# [ASSIGNMENT]
Copy the data exactly; pictures stay out of the copy.

[ENTRIES PROVIDED — start]

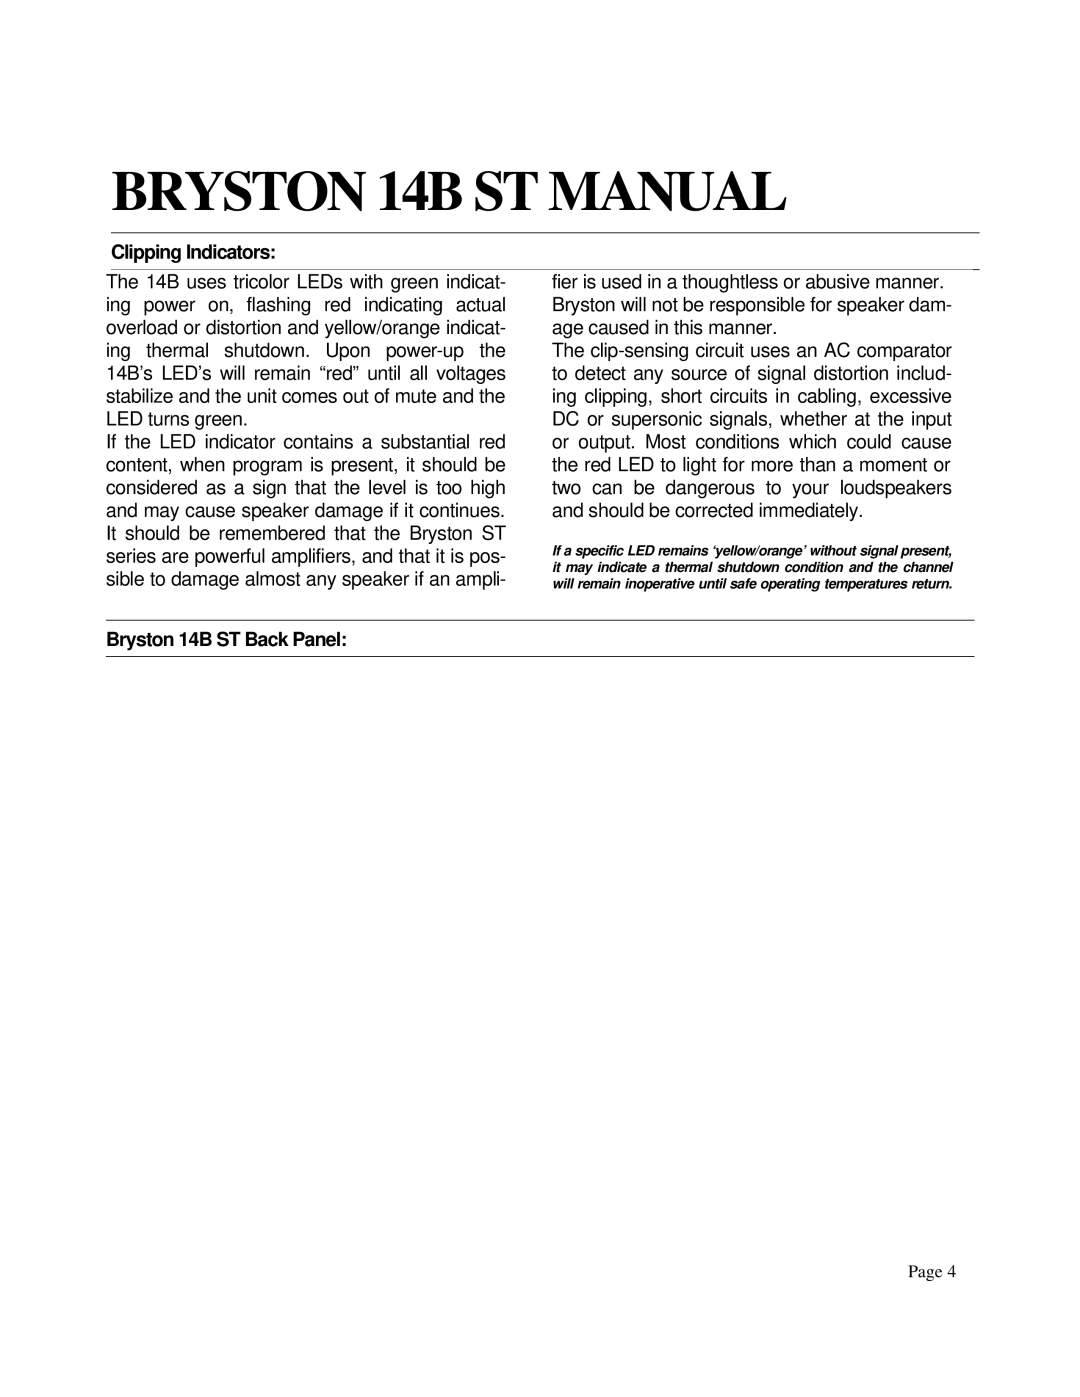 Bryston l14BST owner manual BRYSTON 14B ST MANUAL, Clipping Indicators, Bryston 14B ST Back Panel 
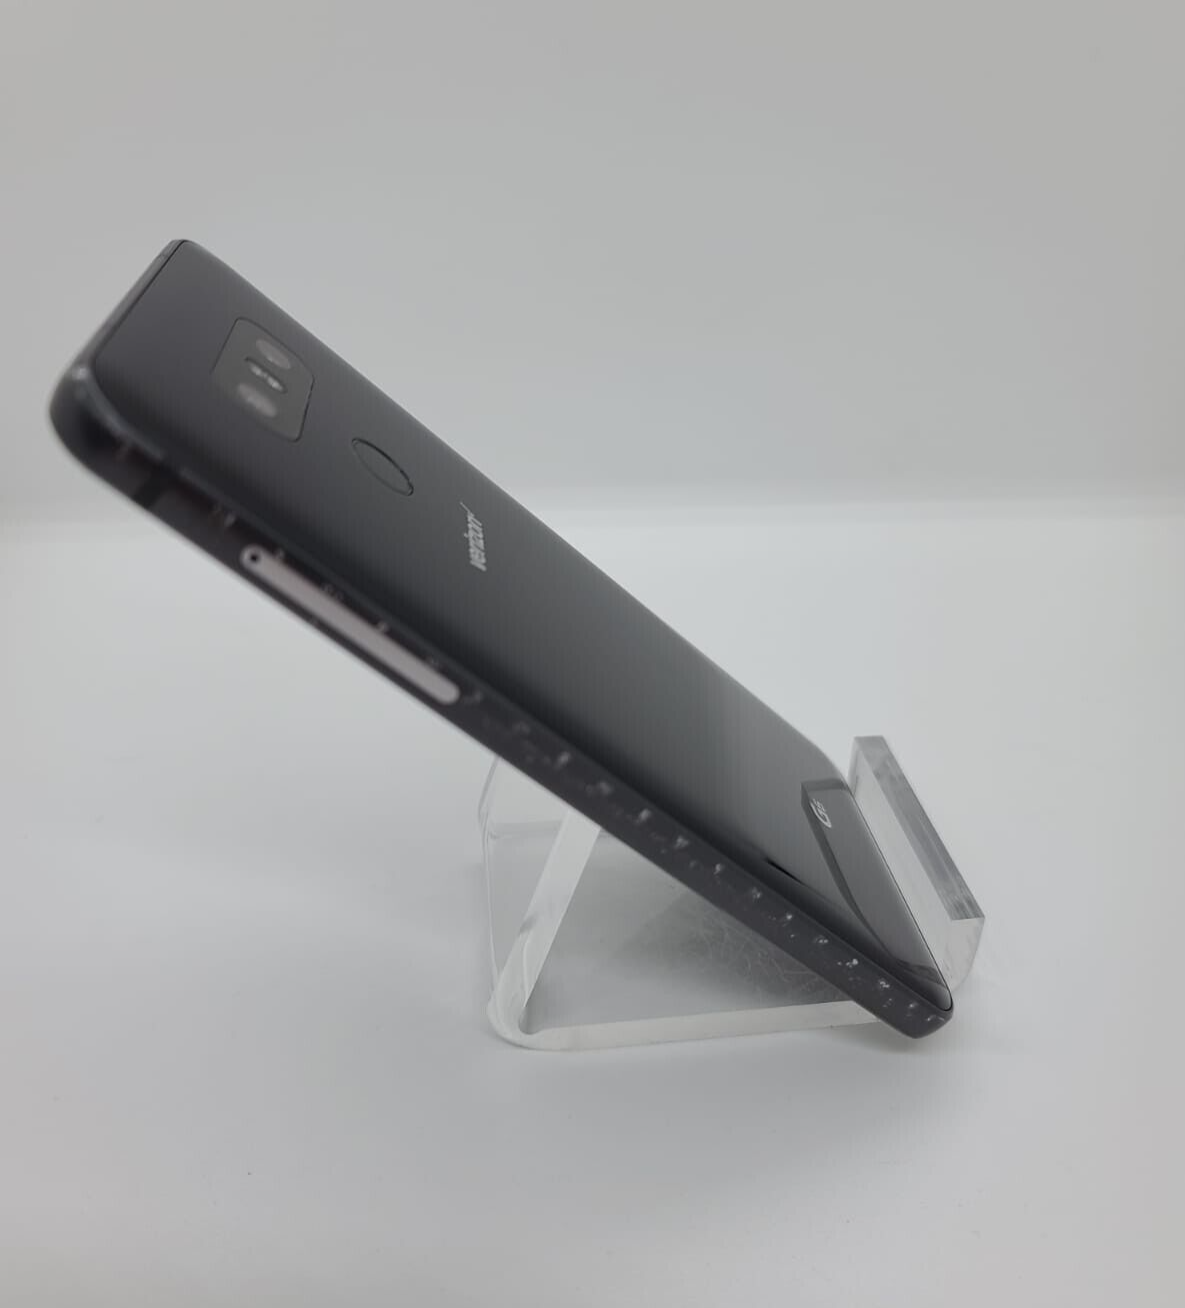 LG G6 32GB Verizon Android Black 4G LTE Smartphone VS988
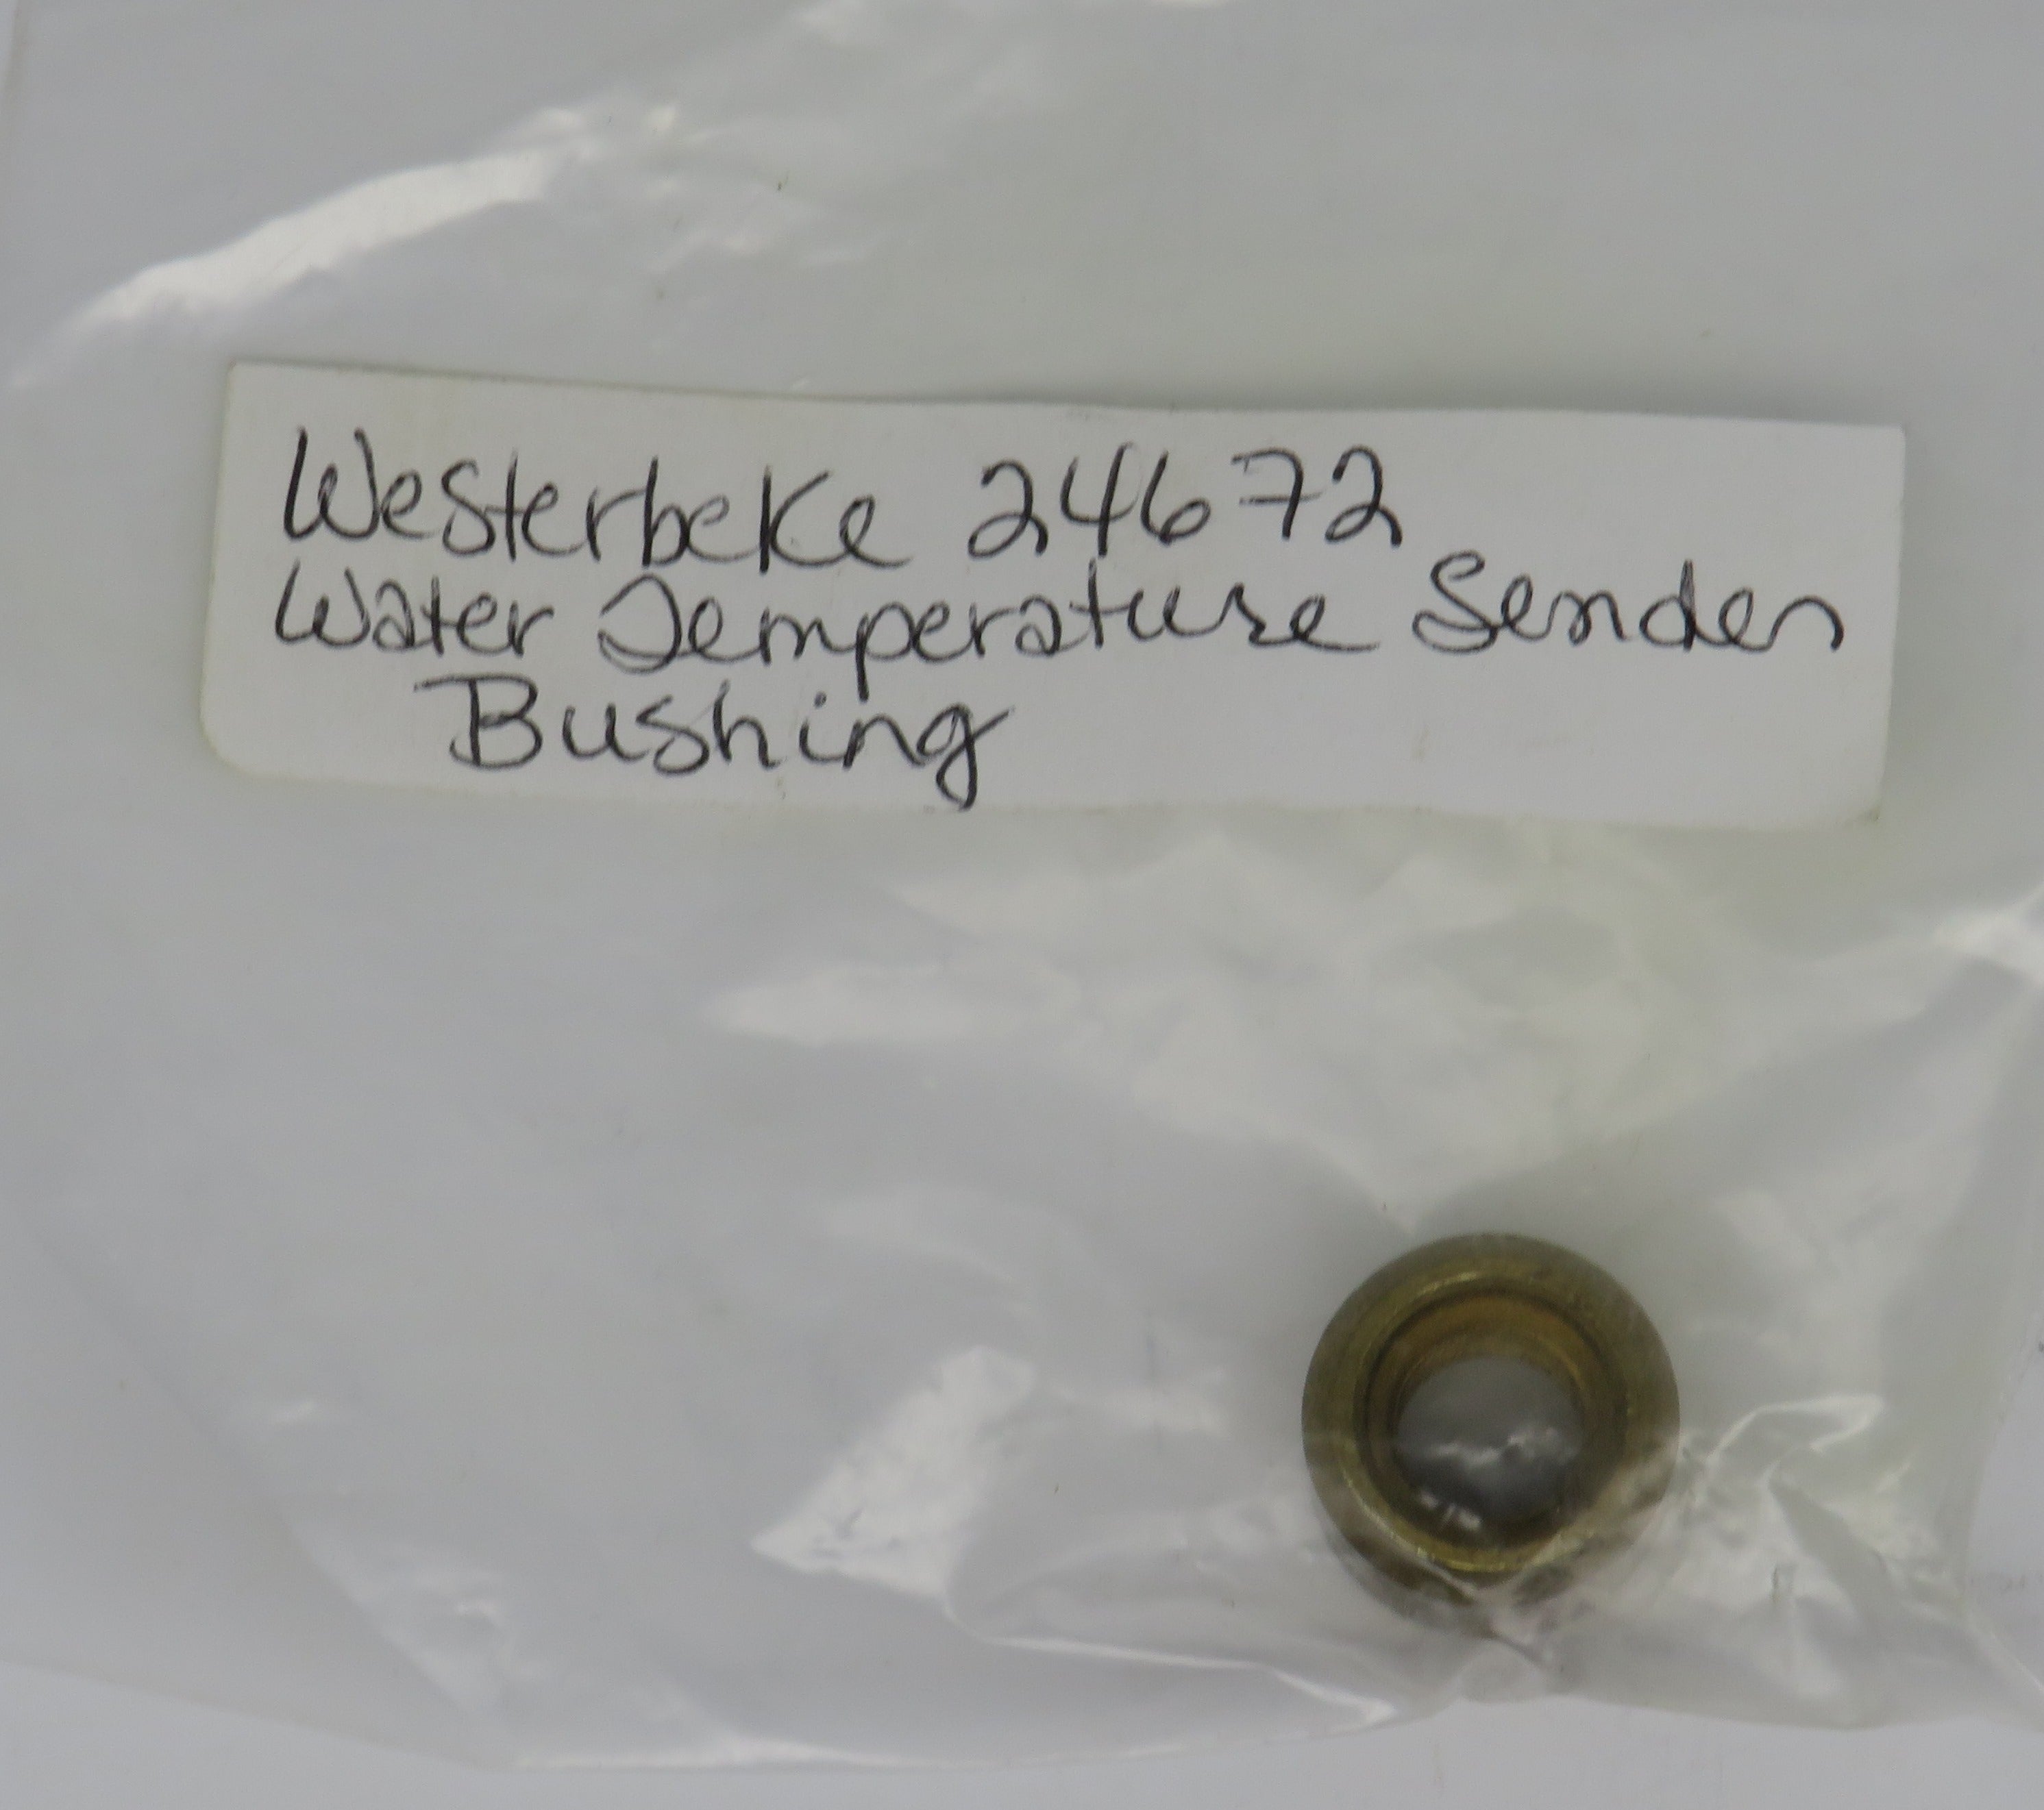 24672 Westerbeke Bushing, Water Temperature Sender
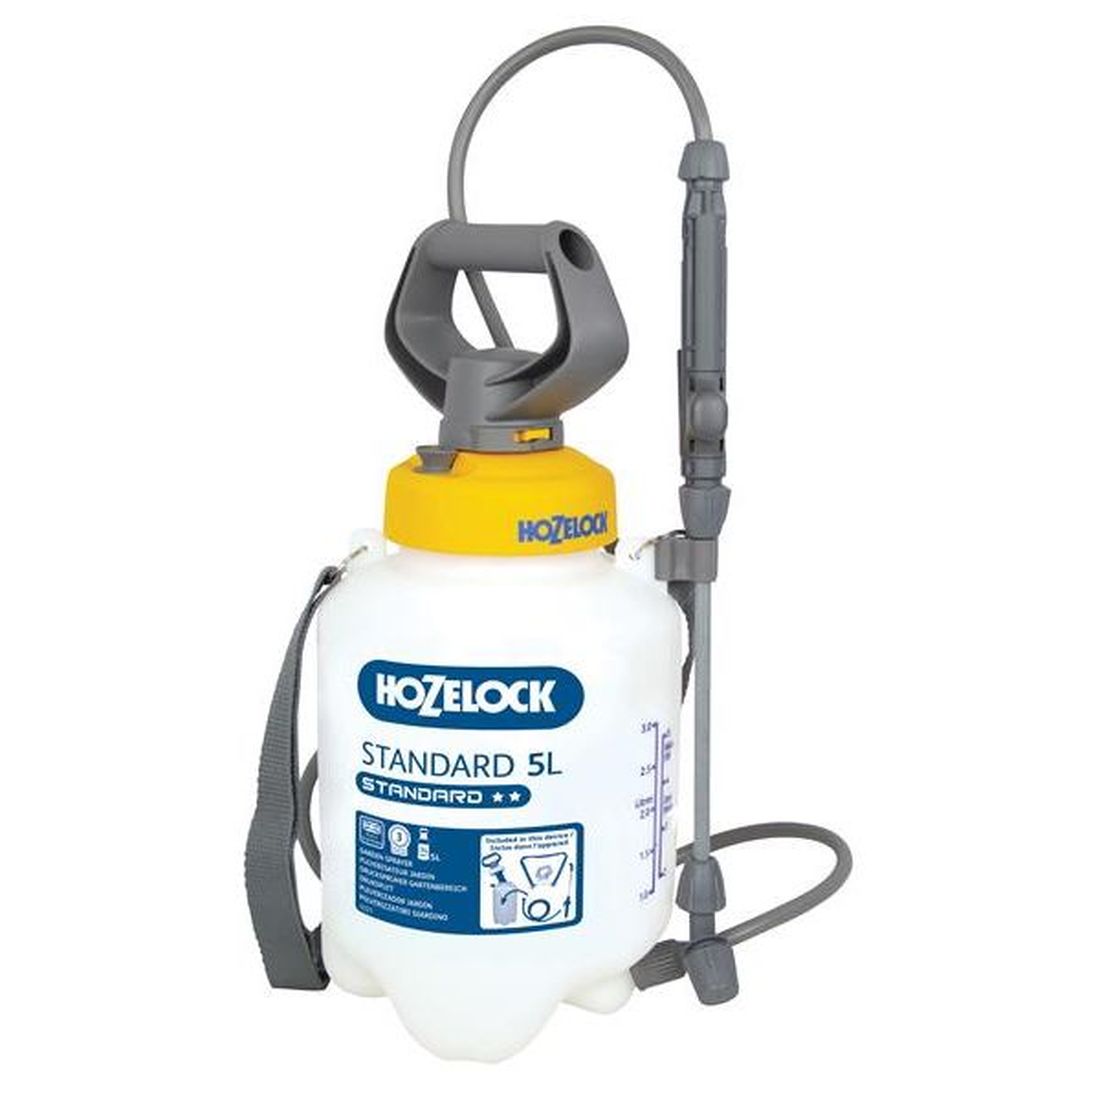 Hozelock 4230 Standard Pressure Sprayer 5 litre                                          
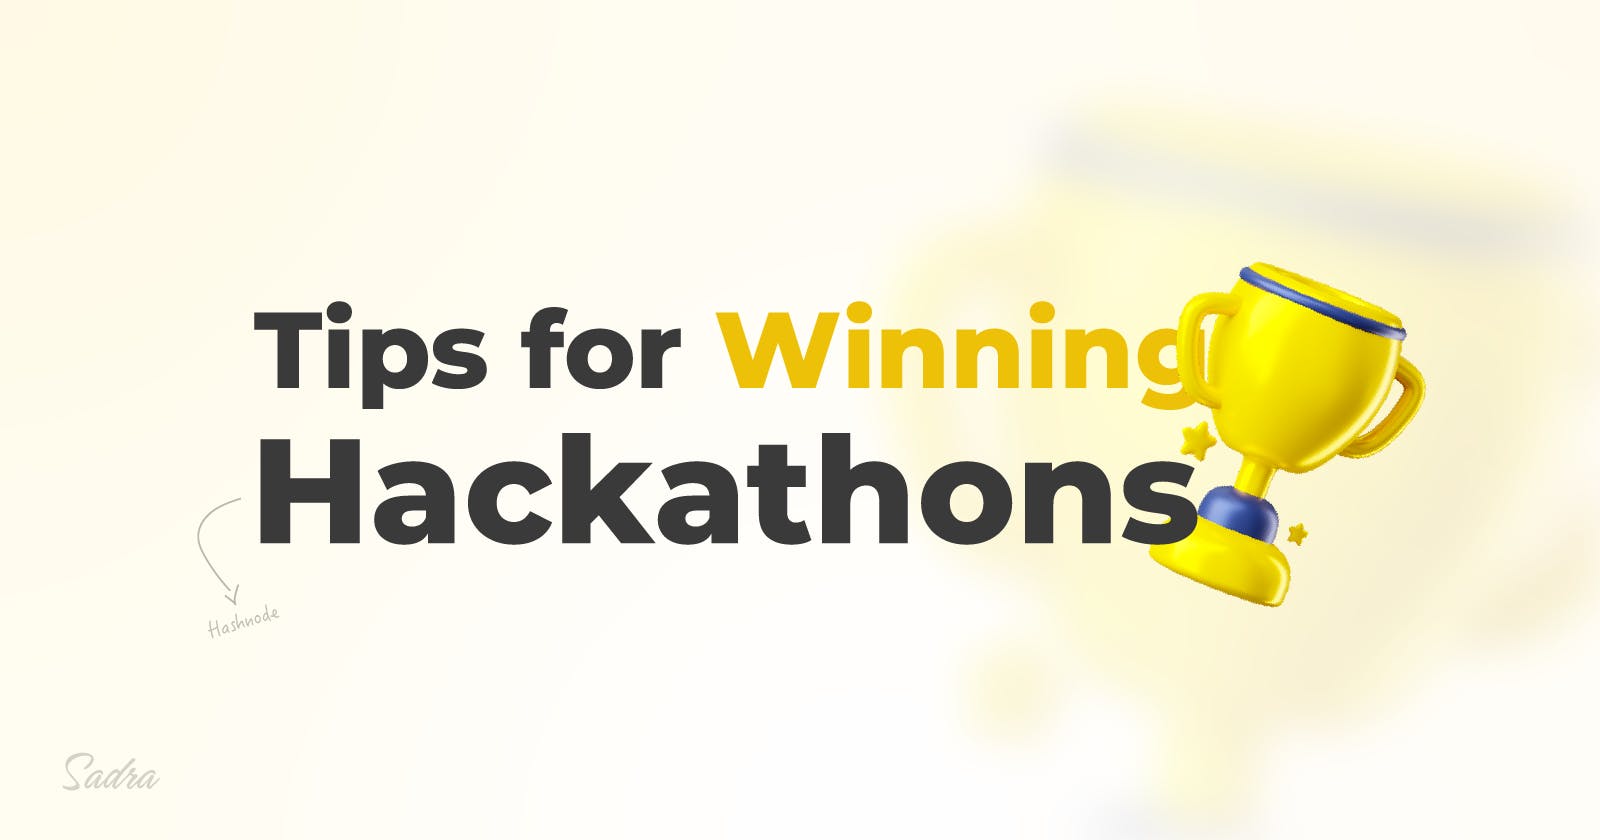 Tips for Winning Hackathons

[ENTRIES PROVIDED — finish]

# [REPLY]
 Bryston l14BST owner manual BRYSTON 14B ST MANUAL, Clipping Indicators, Bryston 14B ST Back Panel 
 LG G6 32GB Verizon Android Black 4G LTE Smartphone VS988
 24672 Westerbeke Bushing, Water Temperature Sender
 Hozelock 4230 Standard Pressure Sprayer 5 litre                                          
 Tips for Winning Hackathons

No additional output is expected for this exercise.